いまや、ネイルはトータルビューティの一部として広く認知されています。美しい指先を演出するネイリストは、女性の就きたい仕事の上位に位置するほどの人気職種です。日本ネイリスト協会発行の「ネイル白書2014-15」によると、ネイル市場は2008年のリーマンショック、11年の東日本大震災などの影響を受けながらも緩やかな増加が続いており、市場規模は13年で2158億円、14年も2165億円と推計されています。

 このように拡大し続けるネイル市場ですが、愛知県名古屋市にネイルサロンを展開している有限会社Ars-nova Aspiring Rの代表、川合美絵氏は、昨今のネイル業界は「見た目やテクニカルな面ばかりが強調されており、正しい爪の知識が啓蒙されていません」と警鐘を鳴らしています。

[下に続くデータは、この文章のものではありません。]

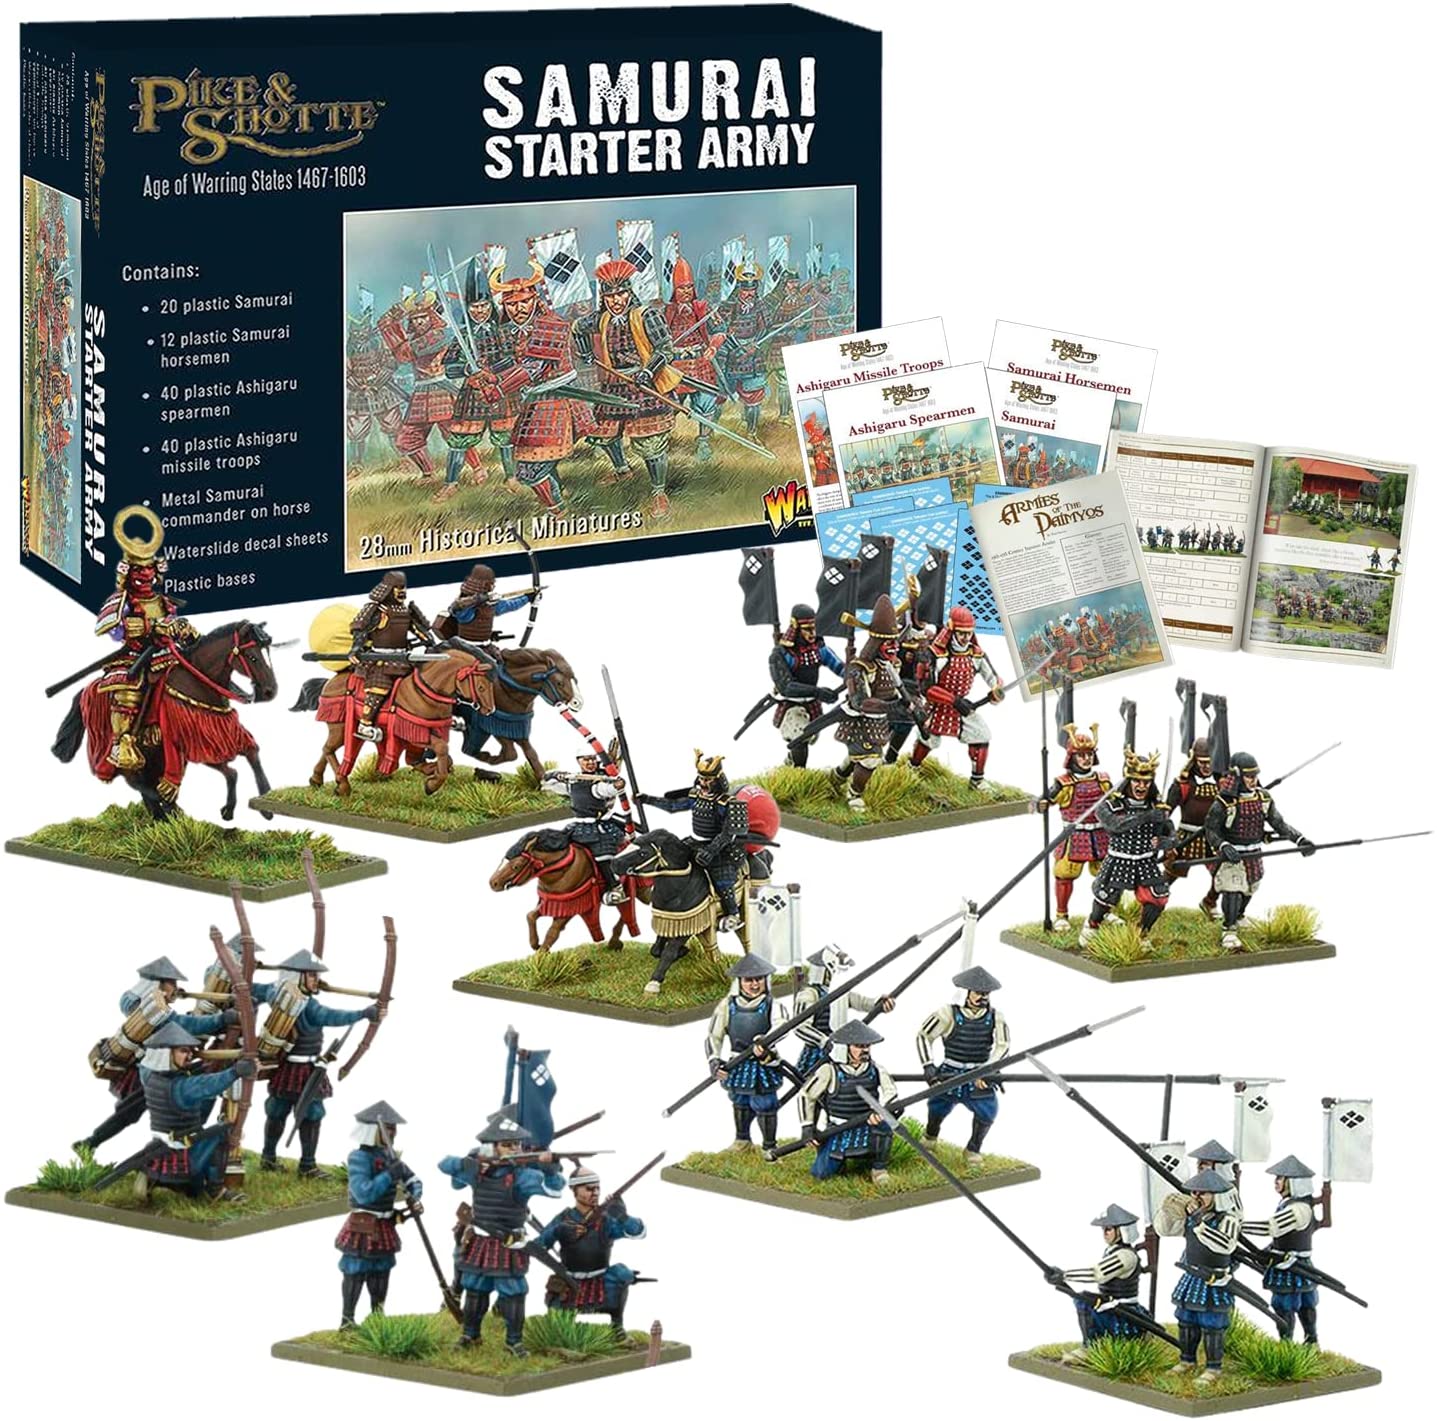 Pike and Shotte: Feudal Japan 1467 - 1603: Samurai Starter Army

 ネイリストとして20年のキャリアを持つ川合氏が、医学博士の東禹彦監修のもとで“爪のための医学書”と自信をみせる『爪のプロフェッショナルが教える 美しい爪 健康な爪 基礎知識』(東禹彦監修/合同フォレスト)を今年2月、上梓しました。

 今回、その川合氏に

・爪と健康の関係
・美しい爪をつくる秘訣

などについて話を聞きました。

●ネイリストは華やかな仕事ではない

--本書を発刊しようと思った経緯について教えてください。

川合美絵氏(以下、川合) 私がネイリストになった20年前、ネイリストは一般的ではなく、社会的な認知度も高いとはいえませんでした。最近、ネイリストはテレビドラマの影響もあり、女性が憧れる職業のひとつに数えられています。しかし、ネイリストは見た目こそ華やかな職業ですが、やっていることはとても地味な作業です。小さな爪にお客様の要望を踏まえながら、マニキュアやジェルを塗って整えていく仕事です。手先が器用で、同じ作業を続けられるメンタルの強さや根気が必要とされます。人気職業のせいか、甘い考えでネイリストになる人が多いのですが、薄給で仕事もハードワークなので、覚悟が甘い人にはお勧めできません。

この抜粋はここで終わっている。